One of the most innovative and eco-friendly means of dealing with all of this organic waste is through anaerobic digestion, which also holds the promise of expanding the world’s energy supply. A promising emergent technology employing anaerobic digestion is known as microbial chain elongation, a metabolic process used by anaerobic microorganisms to grow and acquire energy. They do this by combining carboxylate chemicals like acetate (C2), with more reduced compounds, such as ethanol (C2), to produce longer-chain carboxylates (typically C4-C8).

This biotechnological process converts volatile fatty acids (VFAs) and an electron donor, typically ethanol, into more valuable medium chain fatty acids (MCFAs), which are the precursors needed to produce biofuels and other useful chemicals. Initial waste sources are processed through chain-elongation, which involves the cyclic addition of carbon units, thereby converting municipal solid waste, agriculture waste, syngas, etc., into the high-value, medium-chain carboxylates like hexanoate (C6) and octanoate (C8).

The conversion of VFAs into MCFAs with ethanol as electron donor is accomplished by chain-elongating microorganisms, particularly a bacterium known as Clostridium kluyveri. C. kluyveri (and closely related bacterial strains) accomplish their chain-elongation feats through a process known as the reverse β-oxidative pathway. As the name suggests, this pathway is the opposite of the metabolic pathway organisms use to break down fatty acids derived from foods.

In recent years, researchers have explored β-oxidation pathways as well as developing the means to reverse these pathways in order to produce chemicals and polymer building blocks, using industrially relevant microorganisms.

Reactions under our feet

Laboratory soil microcosm samples used in the research.

Chain elongation has hence proven an effective means of producing valuable chemicals in laboratory bioreactors, though the process is presumed to occur naturally in soils as well. It turns out that anaerobic soils and sediments are often rich in the same kinds of biodegradable organic compounds found in municipal or agricultural waste streams and therefore, a natural source of chain elongation. 

Using soil samples from four various U.S. locations, the current study examines the extent of natural chain elongation and how these processes vary according to the particular biogeochemical characteristics of soil composition. The research was designed to gauge the prevalence of chain elongation in anaerobic soil microorganisms and its possible role in microbial ecology.

The results demonstrate the potential for chain-elongation activities involving acetate and ethanol, which are typical metabolites found in soils as a result of organic compound fermentation.

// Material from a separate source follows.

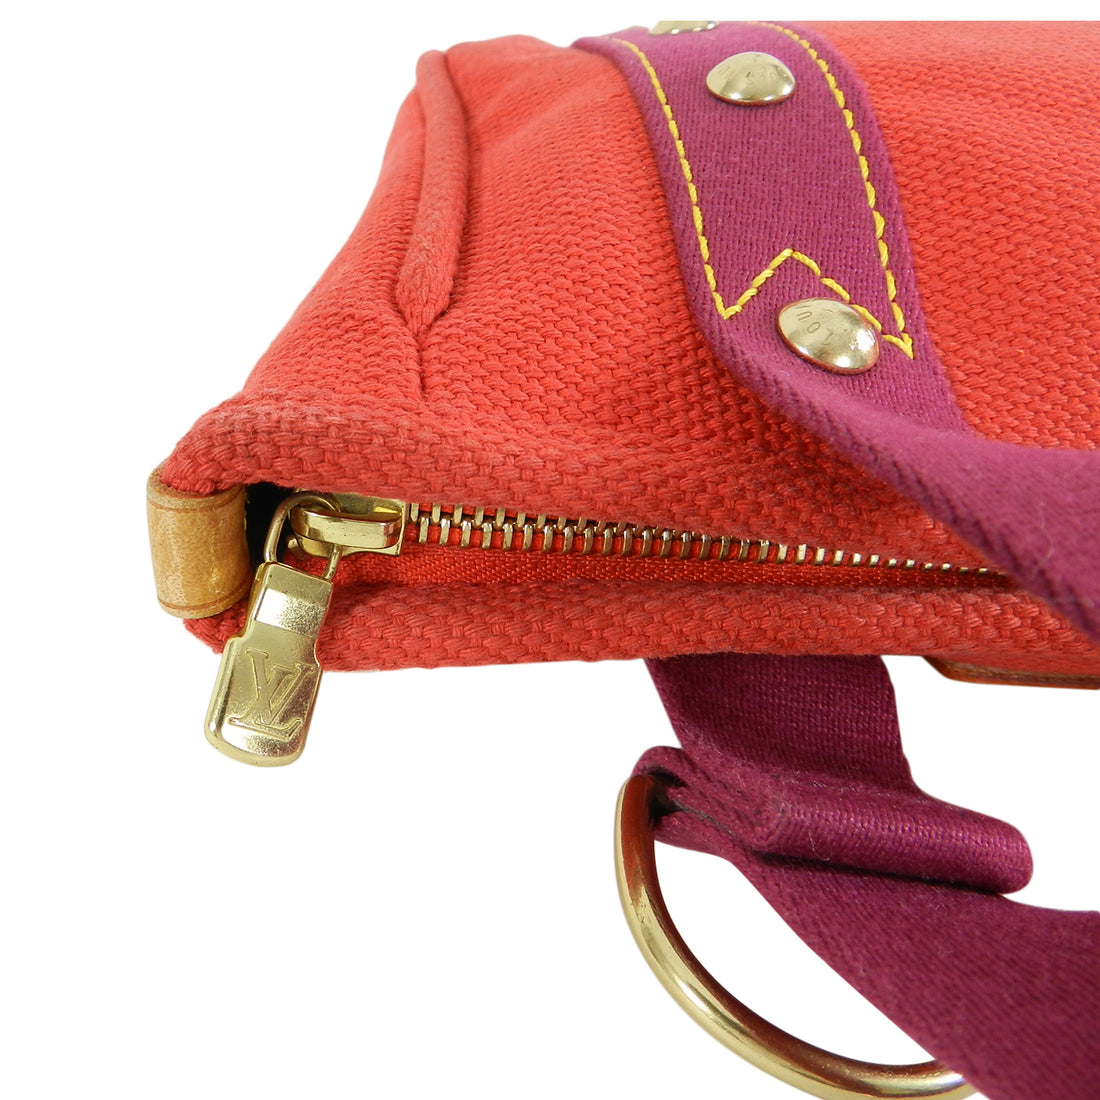 Louis Vuitton Antigua Cabas Red Toile PM Bag

The study measured high enrichment rates in microorganisms similar to C. kluyveri under chain-elongating conditions, which were found to vary with soil type.

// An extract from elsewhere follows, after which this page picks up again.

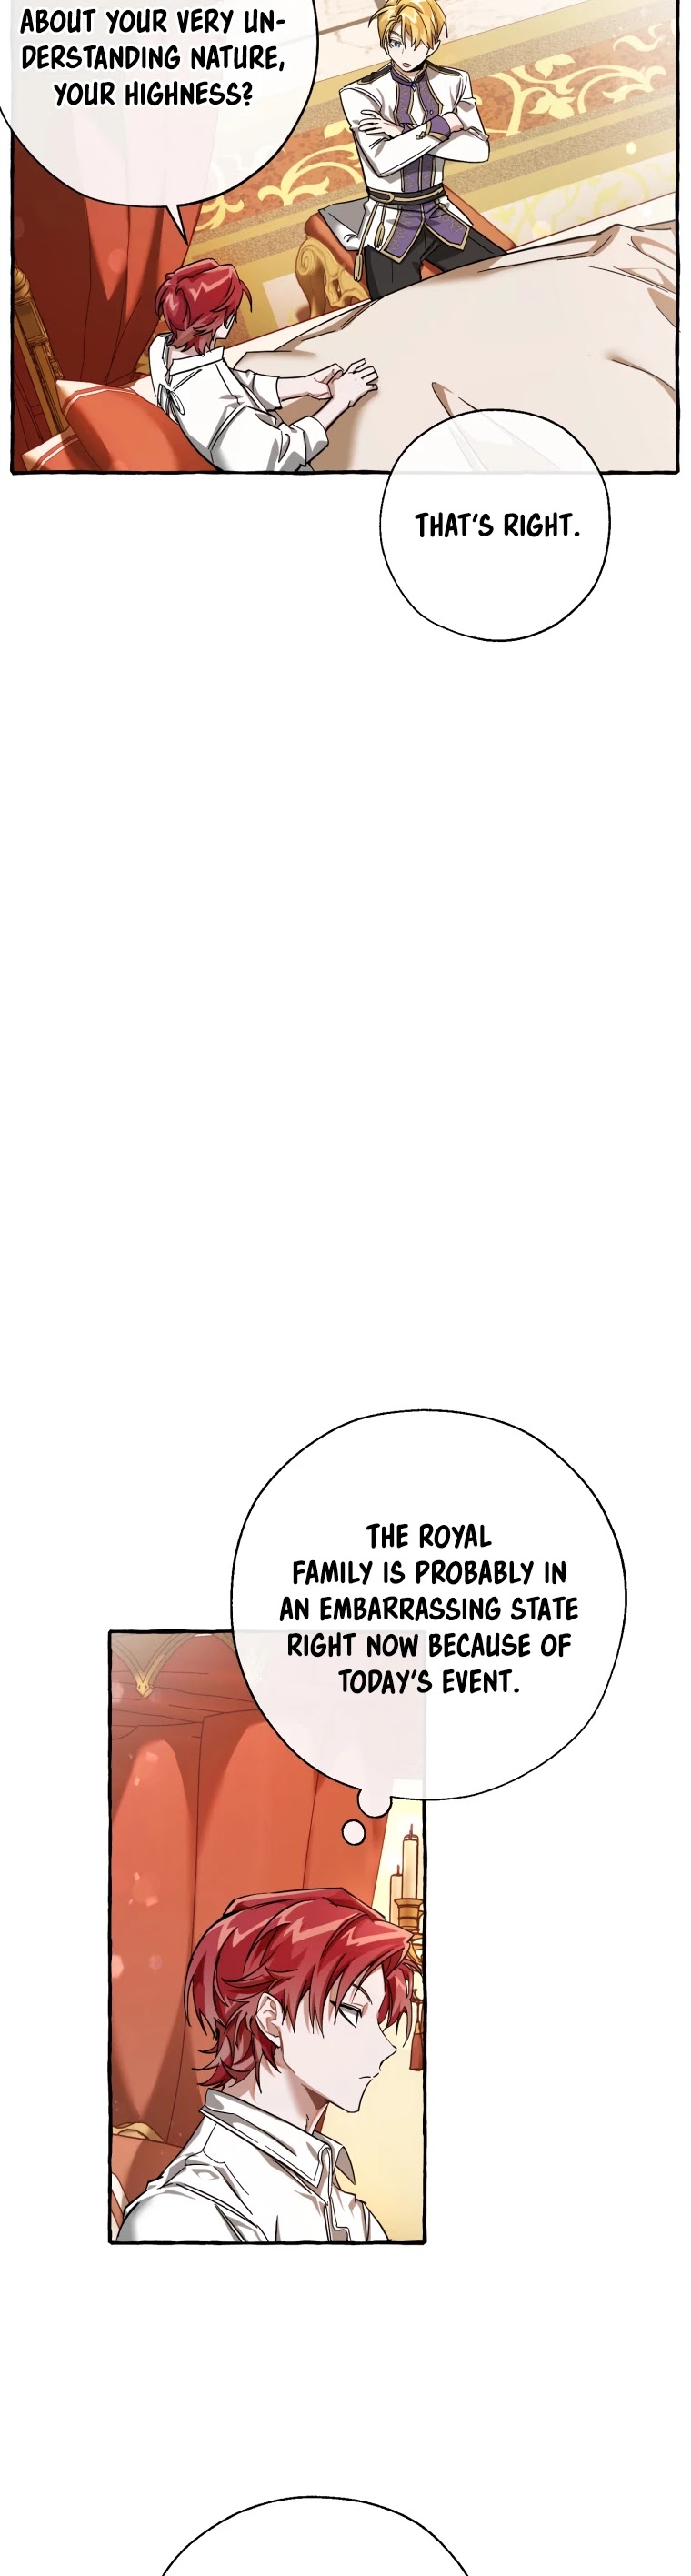 Trash of the Count's Family manga, read Trash of the Count's Family, Trash of the Count's Family anime

The findings shed new light on this intriguing aspect of microbial ecology and may provide helpful clues for future efforts using microorganisms to process waste streams into a range of beneficial chemicals and other products.

“On the fundamental side, results from this study are paving the way for investigations on the activity of chain elongation in situ," Delgado said. "On the biotechnology side, this work shows that soils can be excellent sources of chain-elongating microorganisms for bioreactors focused on production of the specialty chemicals, hexanoate and octanoate.”